6. What advice would you give to brands jumping into AI for the first time?
Begin with a sharp brief. Your input quality determines output quality; treat prompts like you would a creative brief: objectives, audience, tone, references, constraints, and examples. That rigor is echoed across mainstream prompting guidance and pays off immediately. From there, encode your brand world in the tools: build tonal guardrails, visual references, and reusable prompt "patterns" so internal teams and partners can scale consistently.
Pilot across the stack, but keep a human review loop. Use LLMs for research and formatting, GenAI for visualization and rough motion, and keep humans verifying claims and making taste calls.
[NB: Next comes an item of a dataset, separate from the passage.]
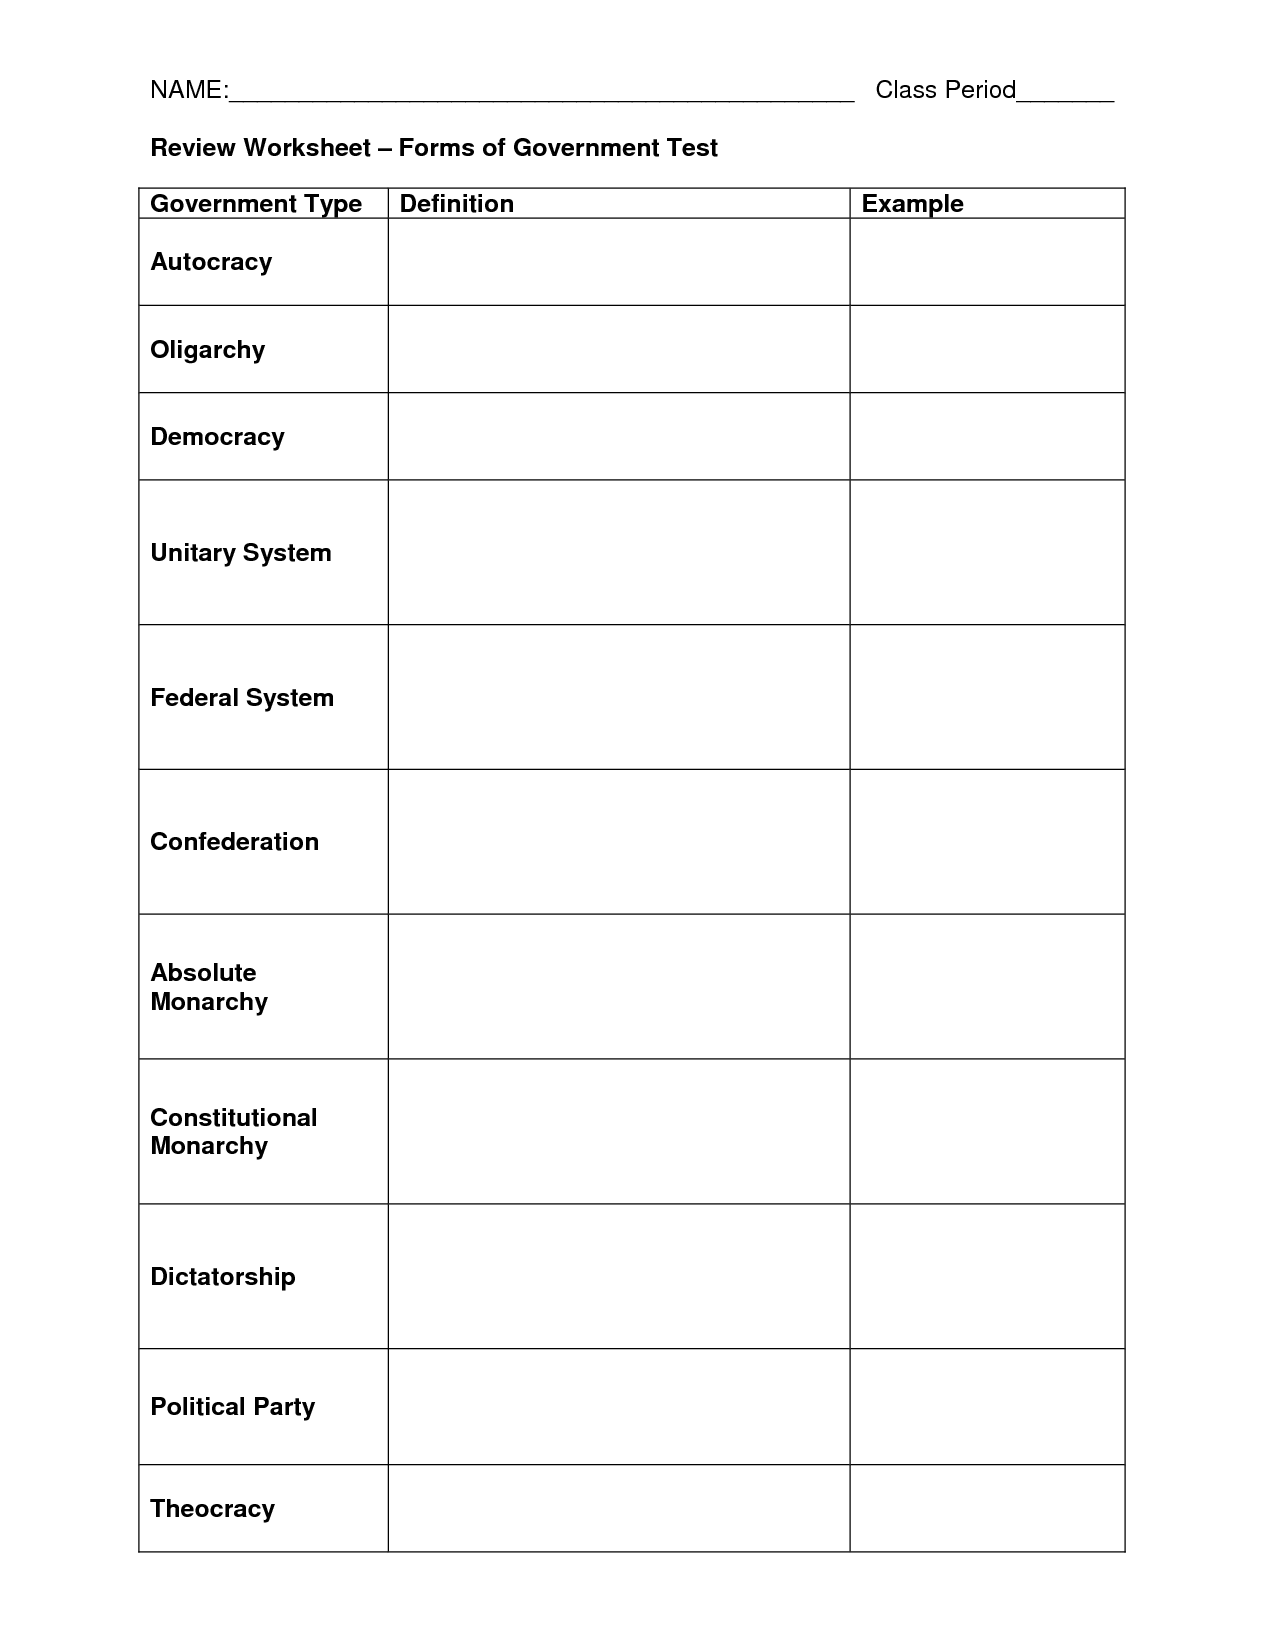 17-the-branches-of-government-worksheet-worksheeto

As you mature, explore agentic delivery in the ad stack, and let the system handle orchestration while you decide what matters. And look at how big brands are industrializing this: Coca-Cola's Fizzion is a public example of turning brand guidelines into adaptive, asset-aware systems to speed creativity while keeping control in designers' hands.
Tim Gareev is Chief Creative Officer at JETA, a Dubai-based agency combining traditional marketing and Web3 growth marketing strategies. Tim is a market-agnostic creative leader who builds brand systems and go-to-market engines across sectors. He aligns strategy, product, and performance creative to deliver end-to-end campaigns, clear playbooks, and accountable growth.